Democrats narrow scope of proposed bank reporting requirements

Associated Press file photo / In this March 2013 photo, the exterior of the Internal Revenue Service building in Washington looms.
Associated Press file photo / In this March 2013 photo, the exterior of the Internal Revenue Service building in Washington looms.

WASHINGTON - The Biden administration, bowing to an aggressive lobbying campaign by the banking industry and pushback from Republicans, has agreed to support a far more limited plan for the Internal Revenue Service to try to crack down on tax cheats.

Senate Democrats rolled out a new proposal on Tuesday that would narrow the scope of information that banks would have to provide to the Internal Revenue Service about customer accounts. Under the new plan, backed by the administration, banks would only be required to provide data on accounts with total annual deposits or withdrawals worth more than $10,000, rather than the $600 threshold that was initially proposed. The reporting requirement would not apply to payroll deposits for wage and salary earners or to beneficiaries of federal programs such as Social Security.

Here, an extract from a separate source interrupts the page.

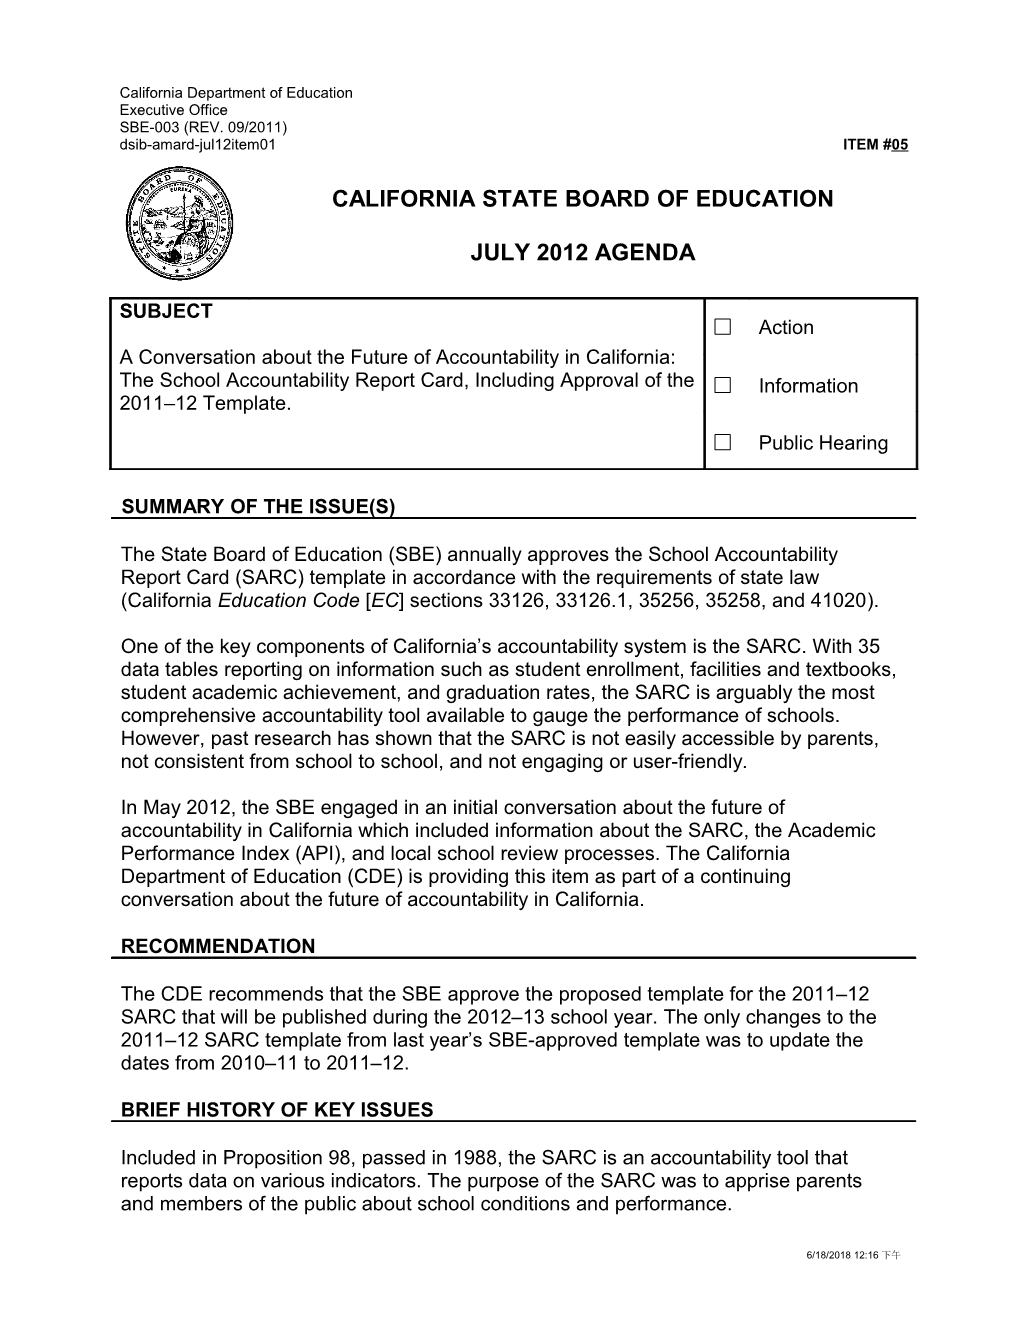 July 2012 Agenda Item 5 - Meeting Agendas (CA State Board of Education)

The narrowing of the plan came after a steady lobbying campaign by banks and a rhetorical barrage from Republicans, who argued that the Biden administration's desire to bolster the IRS to shrink the $7 trillion so-called "tax gap" amounts to an invasion of privacy and government overreach.

Critics of the proposal have incorrectly suggested that the IRS would be tracking information about individual transactions. The administration has said the IRS would instead use the bank account information to spot discrepancies between what individuals report on their tax returns and what their bank accounts show.

But Republicans, who have expressed distrust of the agency for years, continued to criticize the proposal as an invasion of privacy.

"Whether it's $600 or $10,000, under this proposal, the intimate financial details of everyone in this room - at a minimum, of every American who has a job - will be turned over on a daily basis to the IRS," Sen. John Kennedy, R-La., told reporters, despite the proposal's exemption of payroll deposits. "What could possibly go wrong?"

Sen. Ron Wyden of Oregon, the chairman of the Senate Finance Committee, called the Republican accusations a flat-out "lie" promulgated by lawmakers at the behest of "donors and allies" who "want nothing more than a crippled IRS unable to go after their cheating."